Read on to learn more.

Demo

Seeing is believing, so we've prepared a couple videos below showing how easy it is to use Vagrant with Windows guests.

Windows

Windows is hugely popular and support for Windows development environments has been the most requested feature by far for the recent year.

The Windows support is as easy to use as the Linux support: you just need a box file that has Windows pre-installed, then you vagrant up. Synced folders, networking, and provisioners all work.

Vagrant is able to communicate with Windows over either SSH or WinRM. WinRM is more conventional, but if you have Cygwin installed with an SSH server, Vagrant is able to use that too.

The support for WinRM is new in 1.6. For backwards compatibily reasons, you must explicitly tell Vagrant when to use WinRM:

Vagrant.configure("2") do |config|    # ...      config.vm.communicator = "winrm"  end  

That is the only change that is necessary for Vagrant to use Windows! Vagrant will automatically detect that the operating system in its environment is Windows, and will adapt accordingly.

Provisioners such as shell scripts, Chef, and Puppet are fully supported and will run within Windows Vagrant environments. The shell provisioner will run PowerShell and batch scripts if it is being used over WinRM.

RDP

Accessing a Windows machine is unlike accessing a Linux machine. The primary method for performing administrative tasks on Windows is via Remote Desktop.

For Linux, Vagrant provides vagrant ssh for one-command access to the machine. We wanted to make accessing a Windows machine just as easy, so we've created the vagrant rdp command. This command opens an RDP client pre-configured to communicate to the Vagrant environment.

If SSH is available, vagrant ssh will still work for Windows.

To open a PowerShell or command prompt, use vagrant rdp to open the remote desktop client, then open the appropriate console. This is the conventional way to work with remote Windows machines.

Thanks vagrant-windows!

Early in the Vagrant 1.6 development process, Shawn Neal and Paul Morton became core committers to Vagrant. These are two of the brains behind vagrant-windows, an impressive Vagrant plugin that has been unofficially bringing Windows guest support to Vagrant for years.
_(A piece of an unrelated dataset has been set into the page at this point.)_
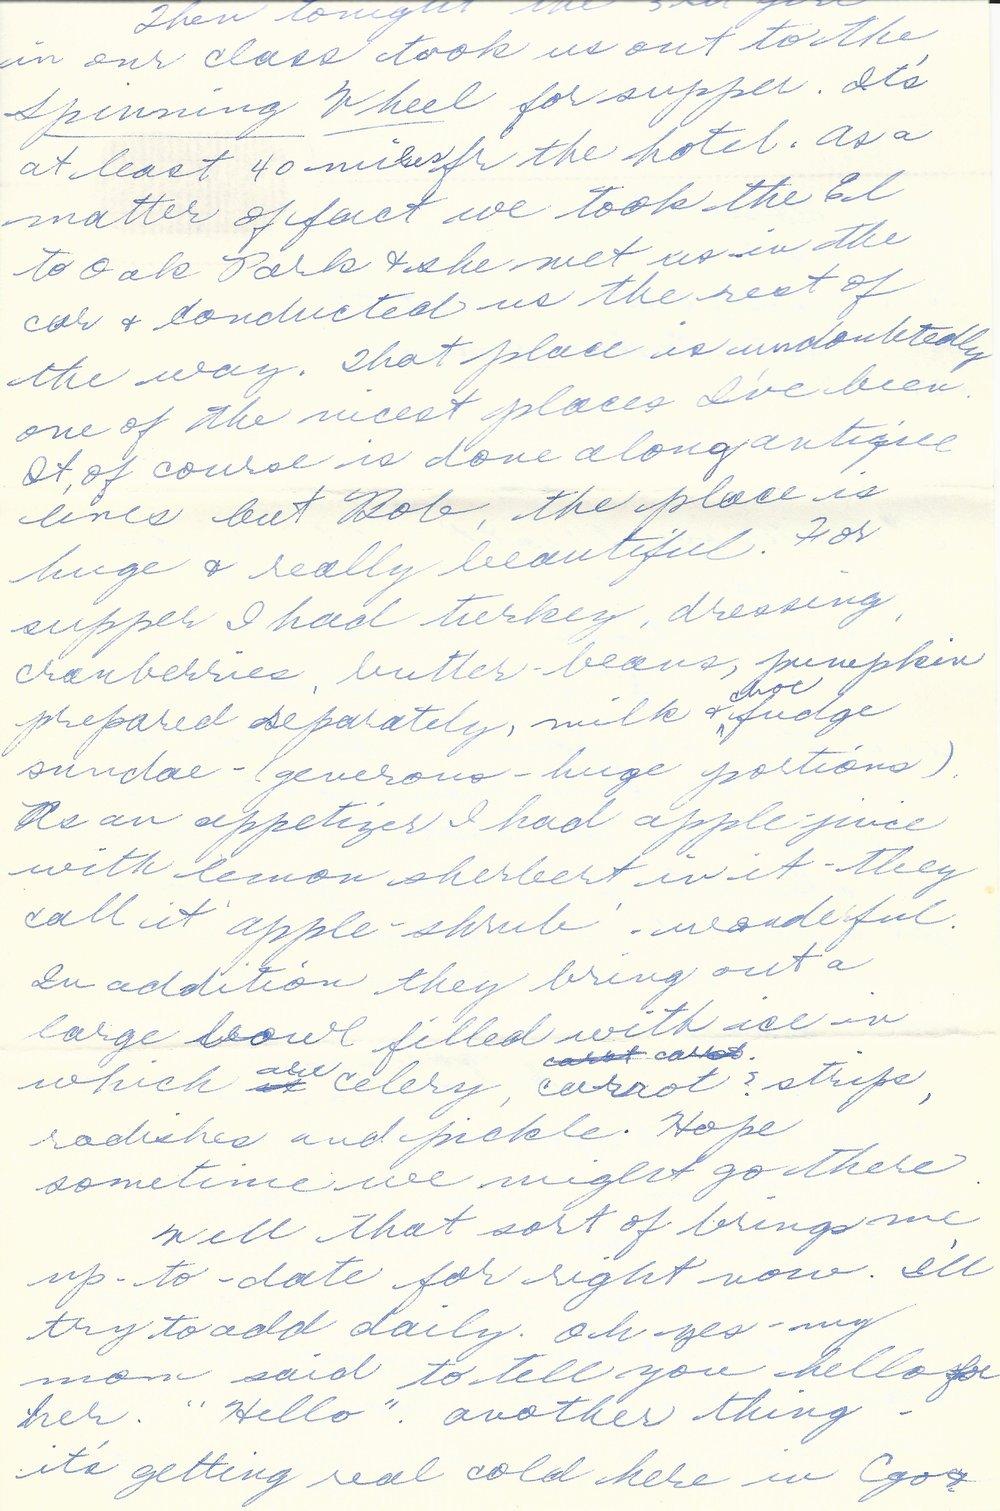 7. Oct. 9-21, 1952 (Oma)_Page_11.jpg

The core of the Windows support presented in this feature preview today has been from reintegrating vagrant-windows into Vagrant itself. Supporting Windows in such a smooth way wouldn't have been possible without the work done by these folks, and the public should know of their contribution.

Thank you vagrant-windows team!

Next

This is a huge milestone for Vagrant. At least one person at every conference talk given by myself in the past two years has asked me when Vagrant will support Windows. I'm excited to finally be able to say "it does now!"